Domestic Violence: Finding Healing in Chaos

By Dianne Anderson
Men got a chance to look long and hard in the mirror at the family structure, the impact of anger on their partners, and on the kids, who are usually first-hand witnesses to domestic violence.
Seldom is there just one victim.
Terry Boykins said his recent Wigs N Weaves Mental Health Awareness event was about getting men to open up, whether perpetrator or victim, about their own childhood experiences with family violence.
“We wanted to hear what men think about this issue of being unable to control your jealousy or insecurity or your anger,” said Boykins, executive director of Street Positive. “Why is it that it has to result in physical calamity, and where you use it as the point of control?”
Often, the children are present in the home when it happens.
Boykins said the impact is what could have been a happy kid now faces fear into adulthood, or they become accustomed to chaos, and seek out violence as their new normal.
Often, substance abuse is behind the anger, and the adult victim may self-medicate to avoid memories of child abuse, or sexual abuse. Domestic violence is also a learned behavior and can be passed down to every generation.
Boykins said there must be a greater effort to understand the situation.
“From both the victim and the level of the perpetrator, where is he at in that moment, does he know where he’s at? Does something take him over?” said Boykins, who also sits on the board of UCR Medical School.
At the recent event, Ben Owens also shared his story about growing up under a violent stepfather.
He recalls hearing his mother attacked, and at 12-years old, how he prayed for magical powers to help his mom. Both of his parents were government employees, and they had a nice home in a quiet cul de sac, until his stepfather would get drunk on weekends.
In elementary school, he admired the gang bangers walking through the alley, and how they commanded authority.
“They demonstrated the power to intimidate school staff. I said I want a piece of that power,” he said.
He joined a gang, which he felt gave him an outlet to overcome violence. He cycled through the juvenile hall, and was violent toward rival gang members. For years, he was angry.
As a counselor, from his observation of other men in gangs, he feels domestic violence was probably more common in his generation with two-parent homes, but it wasn’t talked about.
“If your mother was beat, it was understood that she didn’t call the cops because they would take away the breadwinner,” he said. “You’d go to orphanage back then.”
Witnessing domestic violence has not replayed out in his own life. He was married for 17 years, and said he never hit his wife. The abused did not become the abuser.
“Because of the pain, and what I knew my mother went through. I vowed that I would never hurt someone I love,” said Owens, executive director of Detours Mentoring Group in Gardena.
Some men try to drown the memories of their own child abuse that can be intense. His experience led him down the gang path that he wouldn’t have chosen, but it equaled power. At one point, he got an air gun, and sawed off the barrel to make it look like a shotgun.

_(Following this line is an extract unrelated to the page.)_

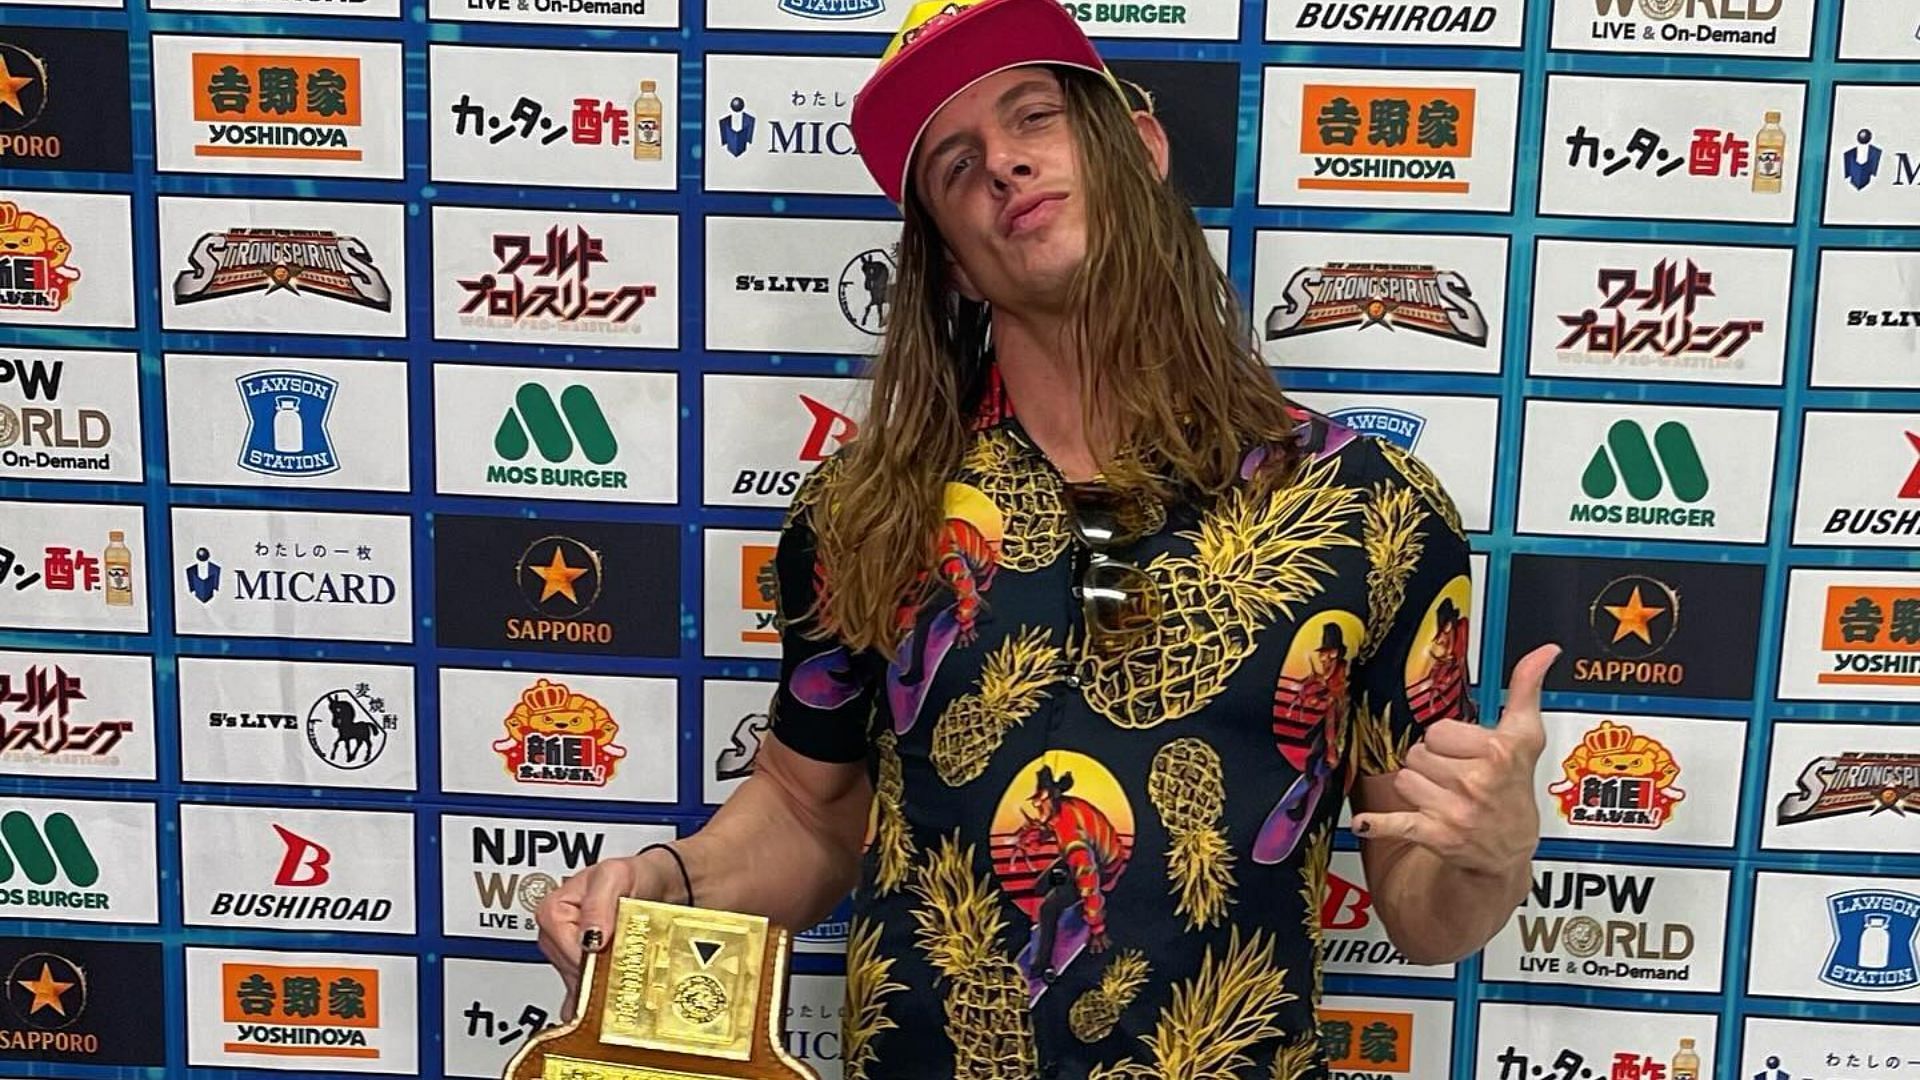 Matt Riddle has found some success outside WWE
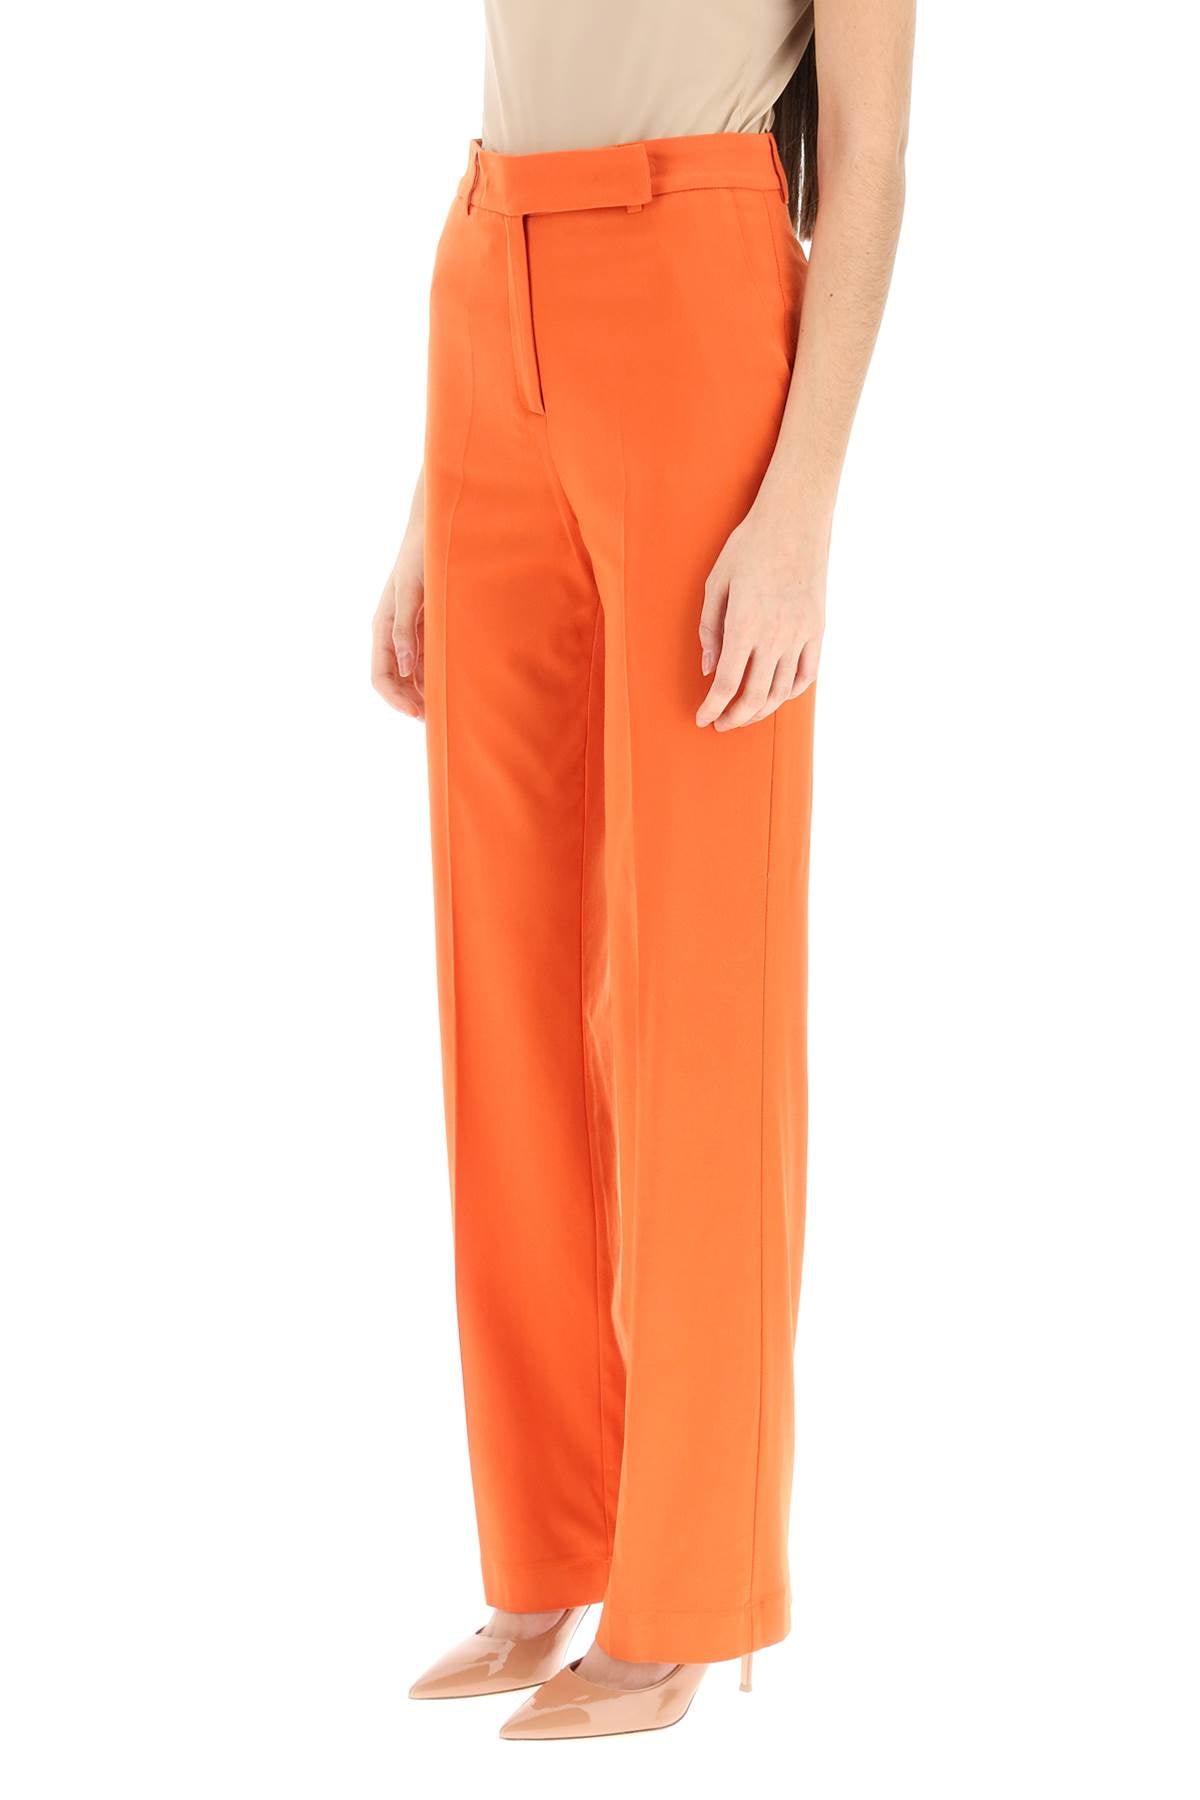 Hebe studio 'lover' canvas trousers-3

“I figured one day I’d run in and scare him with that, and run him off,” he said, but his mother found the toy gun, busted it in pieces, and told him he couldn’t do that.
Today, he mediates family violence, and said the gang culture is probably the hardest to impact because the aggression is on both sides, male and female, who rage against each other to establish the relationship.
“You agree to take a consensual stance on violence, that we can be mutual combatants, and that’s okay with either one of us,” he said.
Because domestic violence exposure often follows into adulthood, the kids growing up in homes with domestic violence show signs early on.
Heather C. Stevning, Executive Director of the nonprofit Option House, said kids often deal with high anxiety, nightmares, and act out. They worry about their safety, and the safety of the parent.
Option House has been developing programs to address childhood trauma, and wants to bring it to public schools to explain healthy boundaries to children, but there is resistance. Parents haven’t been willing to support domestic violence education for the kids.
“The push-back is that they are too young, it’s too traumatic, but we give them red ribbon week about how to say no to drugs in kindergarten,” she said.
She attended the recent fatherhood event, where men shared their stories, hip-hop style through the eyes of their childhood, and families steeped in violence.
“I was literally in tears,” she said. “It’s the first time I ever cried at rap music.”
This past year, the shelter partnered with the Fatherhood program, giving kids exposed to domestic violence a healthy way to deal with the trauma.
Through Boykins’ boxing classes, child victims engaged in a month-long pilot program
“He works with them to release that stress and anxiety. It was really healing, a good program,” she said. “We are anxious to get something going year round.”